IoT: The Internet and the Thing Were Never the Hard Part
The technology worked. That was almost the whole problem.
By the mid-2010s, you could attach a sensor to almost anything and get data back to a dashboard within minutes. Temperature. Humidity. Pressure. Vibration. Location. Fill levels. Energy consumption. Brake conditions. Door status. Water leakage. Machine anomalies. The hardware was cheap. Connectivity was available. Cloud storage cost almost nothing.
The pitch was clean: replace a dumb device with a smart one, detect problems before they become expensive, automate the response, show the ROI on a slide. Customers nodded. Pilots launched. The proofs-of-concept worked.

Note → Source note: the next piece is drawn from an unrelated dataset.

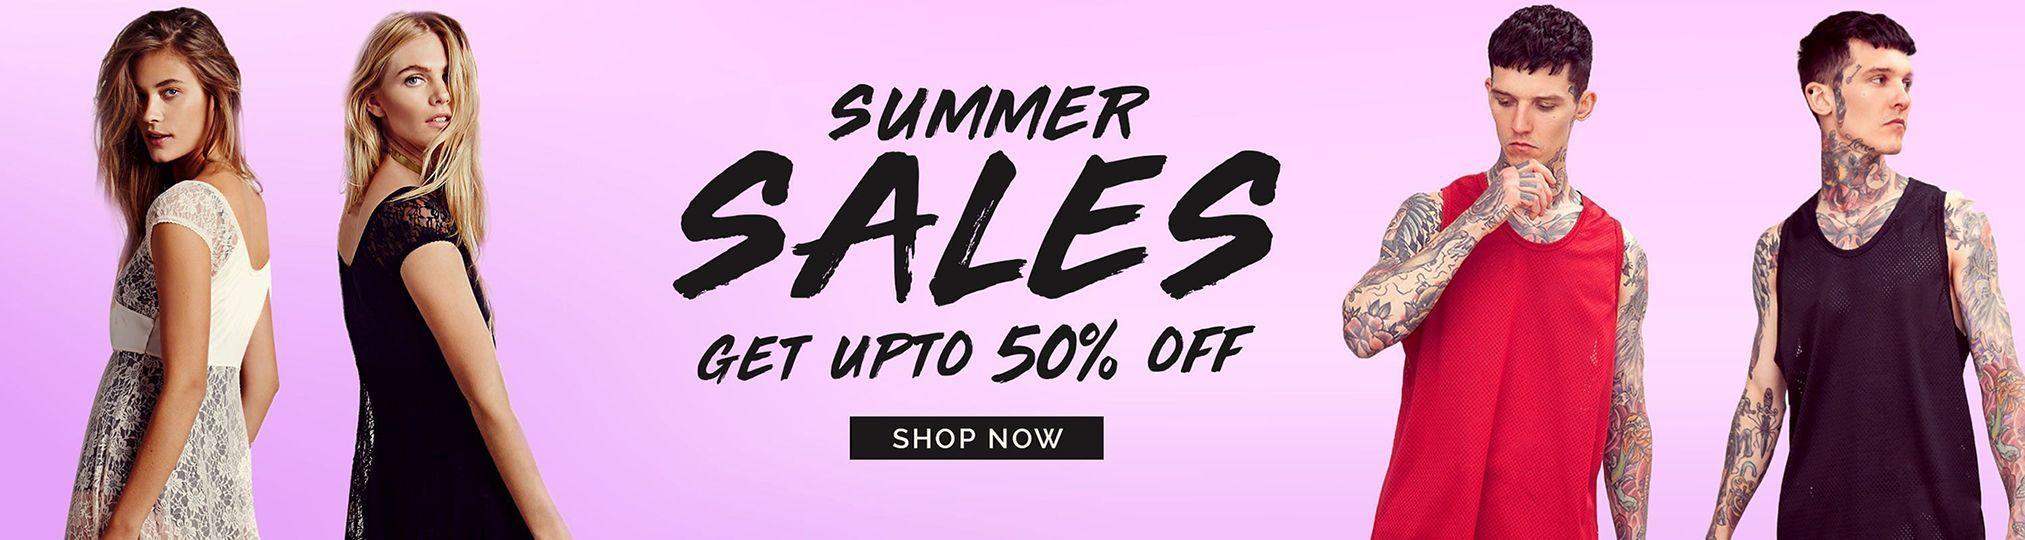 Rebelsmarket end of summer sale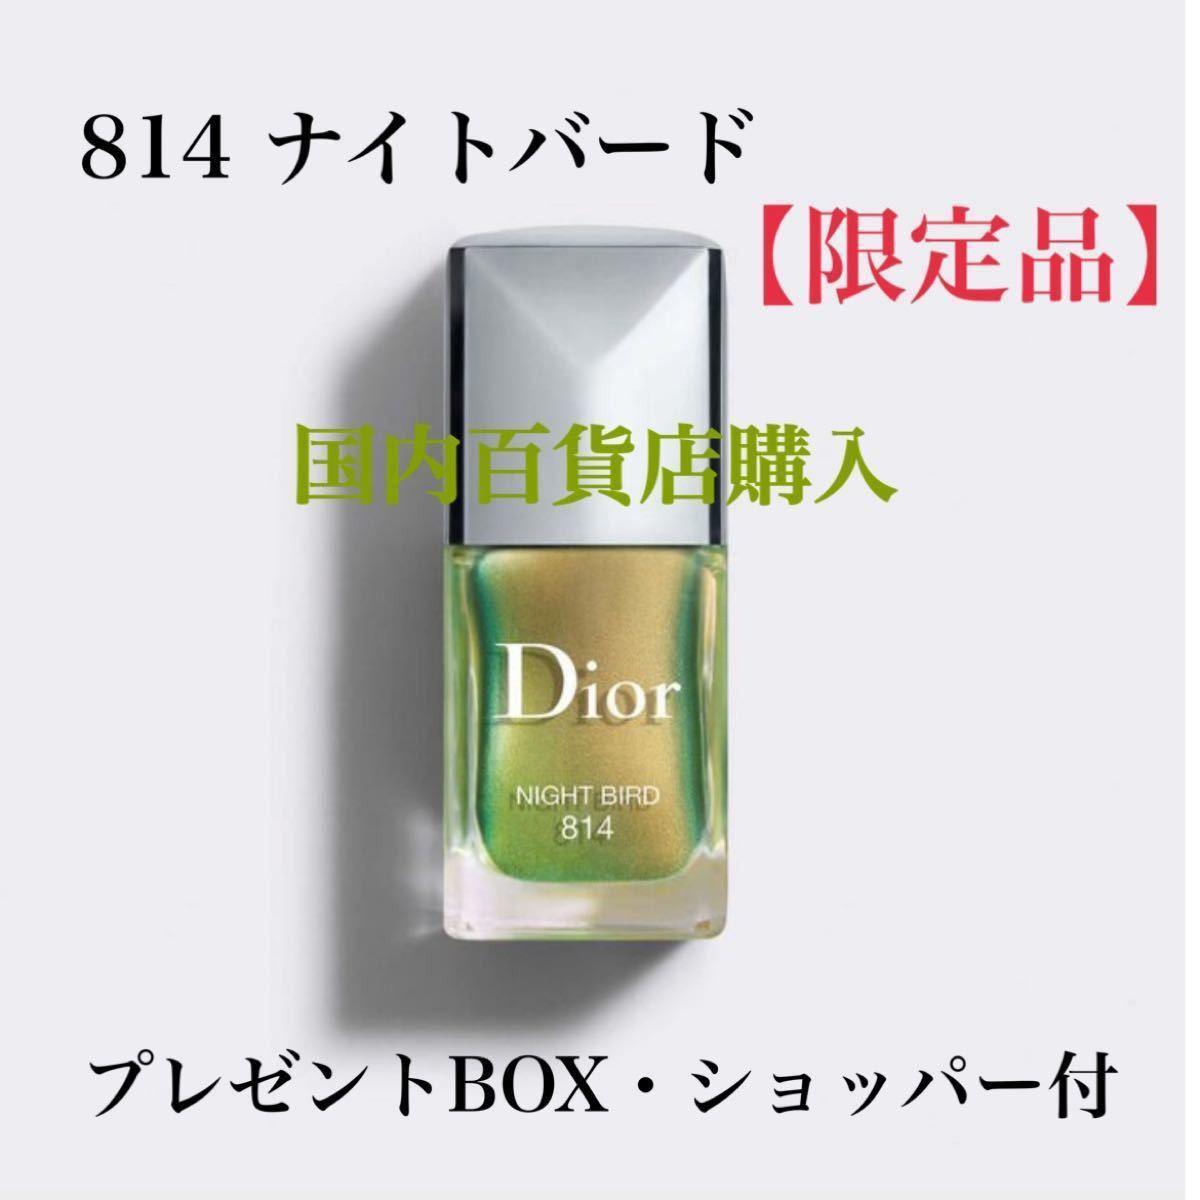 ディオール ヴェルニ ネイル 814 ナイトバード 限定品 プレゼントBOX・ショッパー付 新品未使用

And then almost nothing scaled.
Not because the sensors failed. Because the industry had mistaken the technical problem for the actual one.
When Sensors Start Measuring People
The easy cases in IoT are easy for a specific reason.
A flood sensor does not care who watches it. A transformer does not worry about how its vibration data will be used next year. A parking space does not suspect the city is building a behavioral profile. When the sensor measures a physical condition with no human attached to the consequence, adoption is straightforward. The benefit is immediate. The perceived risk is low.
The friction arrives the moment data stops describing a condition and starts describing a person.